Los empleados ferroviarios españoles iniciaron este lunes una huelga de tres días en protesta por el deterioro de la infraestructura y la falta de mantenimiento. La medida se produce tras los dos accidentes de trenes que dejaron 47 muertos a mediados de enero.
“Llevamos años reivindicando que tiene que haber mayor mantenimiento”, explicó en una manifestación en Madrid el vocero del sindicato CGT, Daniel Hidalgo. En este sentido, el responsable nacional del sindicato CSIF, Arturo Vega, recordó que hace una década se transportaban unos diez millones de viajeros y hoy la cifra alcanza entre 22 y 23 millones. “Es necesaria una mayor inversión en ese mantenimiento y en esas revisiones”, afirmó.
Las autoridades impusieron servicios mínimos que obligan a mantener hasta el 75 por ciento de los trenes de corta distancia en horas pico y el 50 por ciento el resto del día.
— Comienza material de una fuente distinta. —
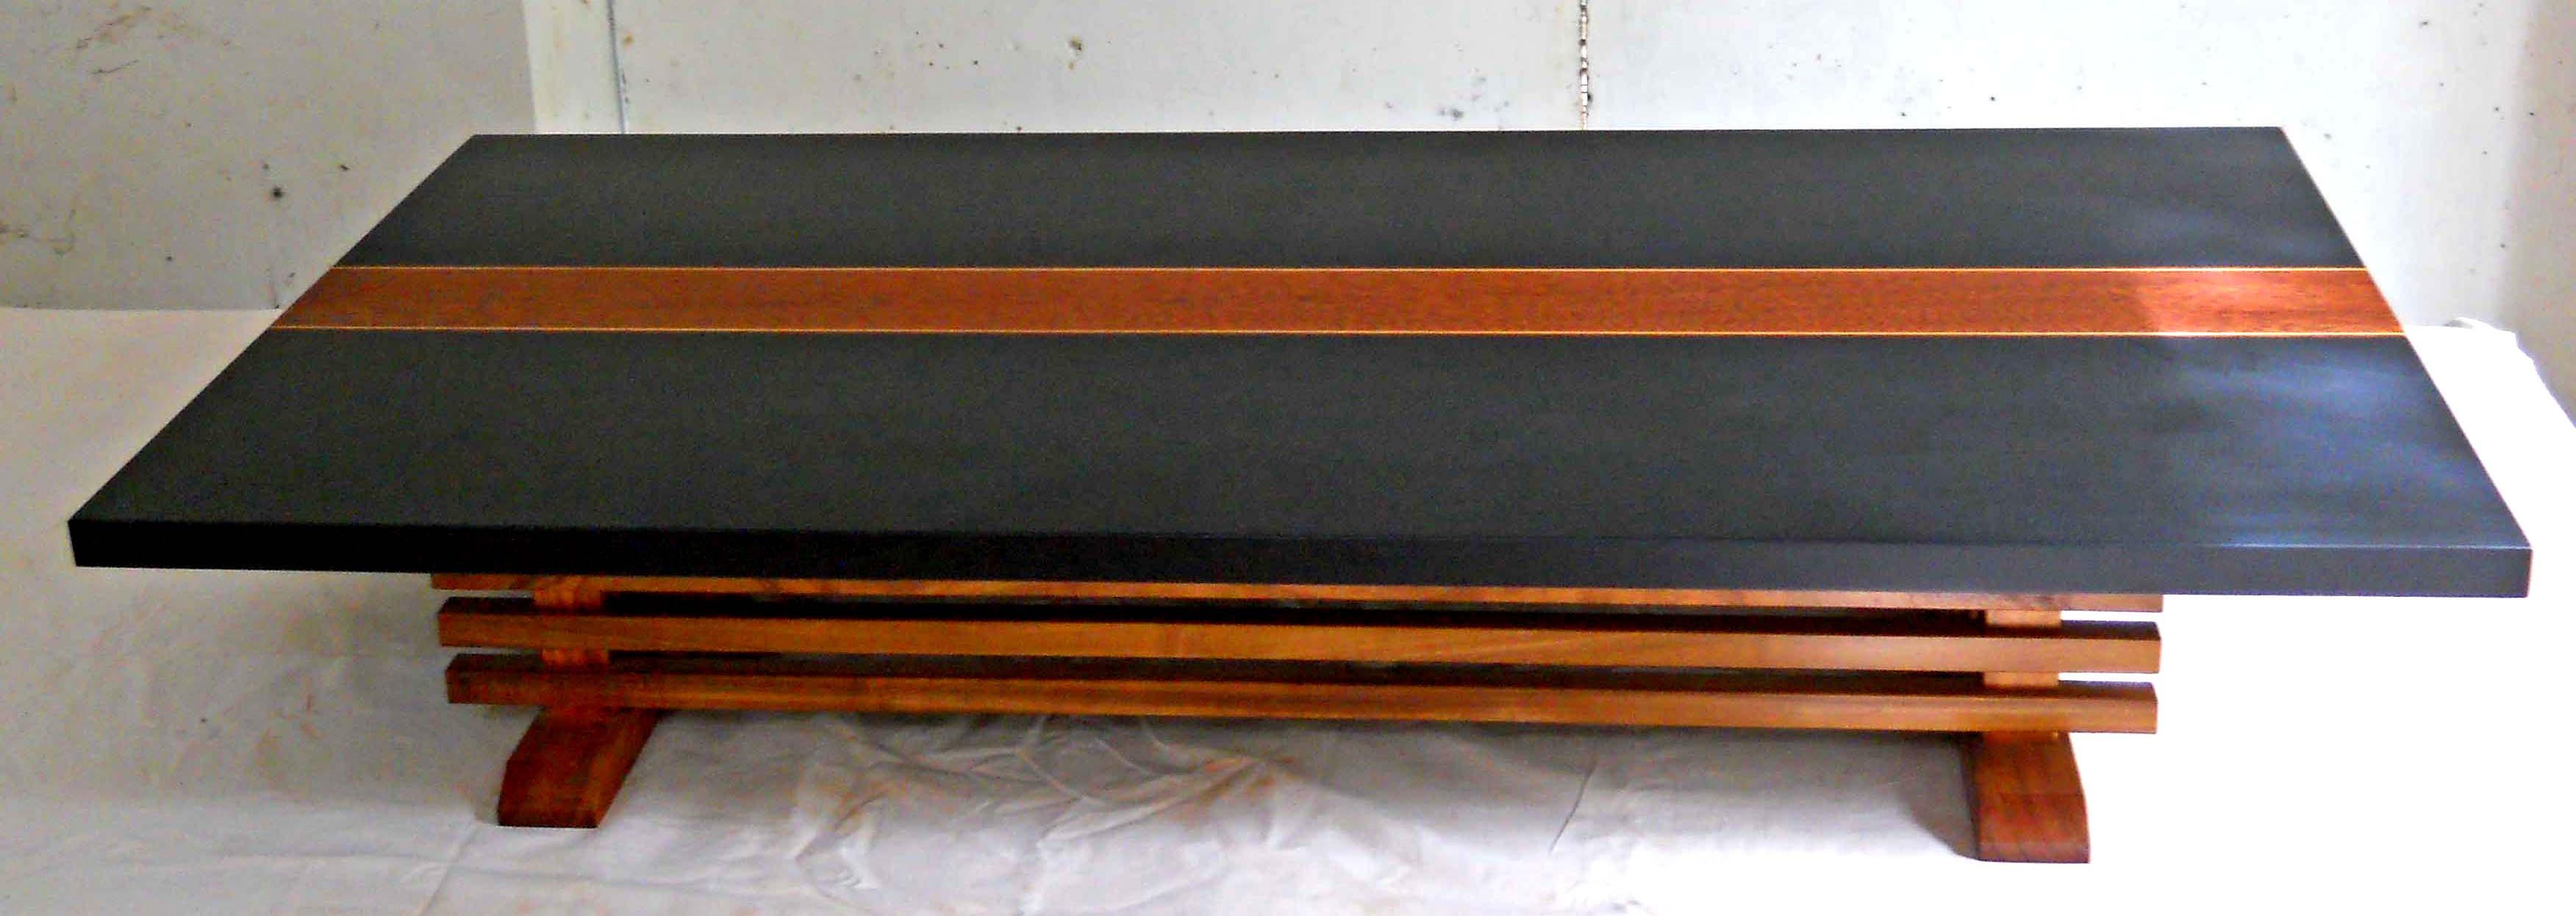 (027-B) Nakazuka table in Black
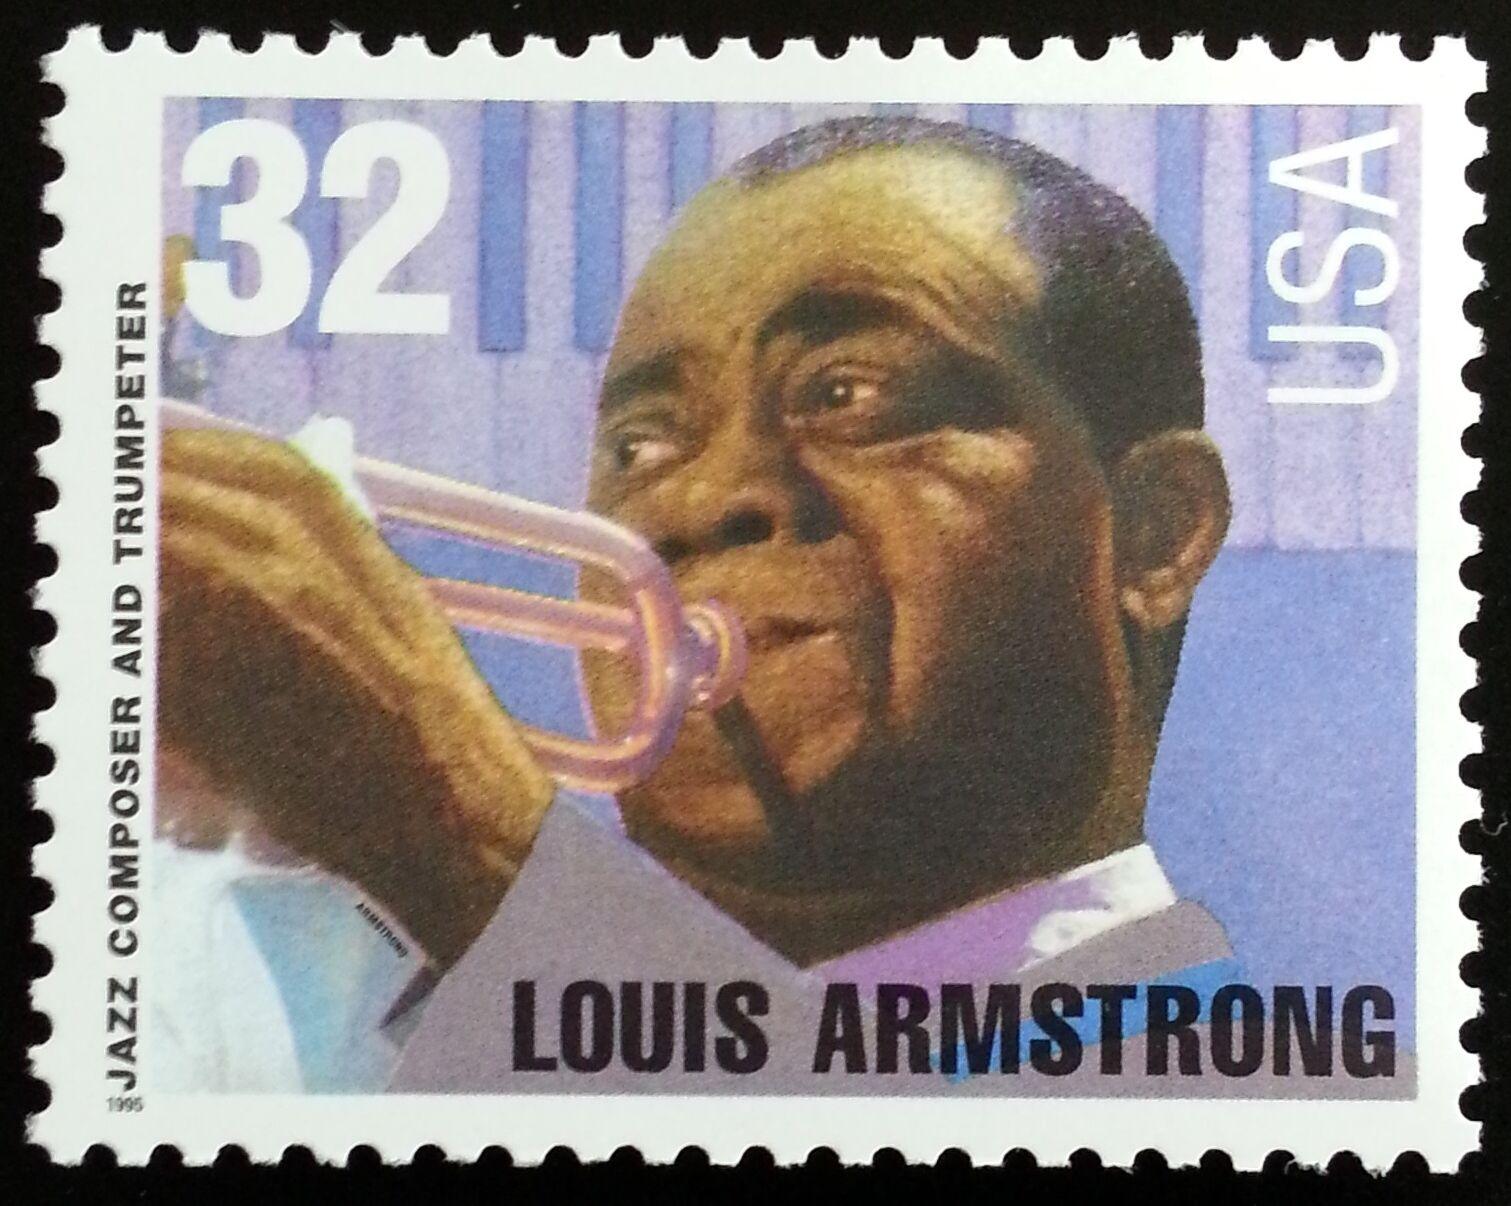 1995 32c Louis Armstrong, Jazz & Trumpet Scott 2982 Min

Aun así, en la estación madrileña de Atocha se vivieron momentos complicados entre las 7 y las 8, con miles de pasajeros afectados por demoras y falta de información.

Los andenes se abarrotaron y hubo que administrar el acceso. Piqueteros del sindicato CCOO repartieron panfletos reclamando “comprensión y apoyo” a unos viajeros divididos entre la solidaridad y el malestar por los inconvenientes.
En la estación de Sants, en Barcelona, Israel Fernández, auxiliar de enfermería de 19 años, esperó dos horas un tren tras trabajar toda la noche. “El servicio atraviesa un momento un poco lamentable, pero al final los que nos quedamos colgados somos mucha gente”, señaló.
Una trabajadora de un puesto de café explicó que la huelga se sentía mucho. “A estas horas suele haber más del doble de gente en la estación y no damos abasto”, comentó. La estación estaba más vacía que en cualquier día laborable normal, un fenómeno que comenzó semanas atrás por los retrasos y problemas continuos.

El accidente de Gelida, en Cataluña, reveló la falta de seguridad por abandono en el mantenimiento. El derrumbe de un muro de protección provocó la muerte de un maquinista y heridas graves a cinco personas. Días después, el descarrilamiento y colisión en Adamuz, Andalucía, dejó 46 muertos, entre ellos otro maquinista.
“Es una situación que veníamos repitiendo durante mucho tiempo, tanto los sindicatos como los trabajadores, y sí que por desgracia con estos accidentes se nos está haciendo más caso”, constató Pau Mercè, del sindicato CCOO. España, con más kilómetros de alta velocidad por habitante que cualquier otro país, enfrenta ahora el costo astronómico de su mantenimiento, que alcanza 150 mil euros al año por kilómetro de vía.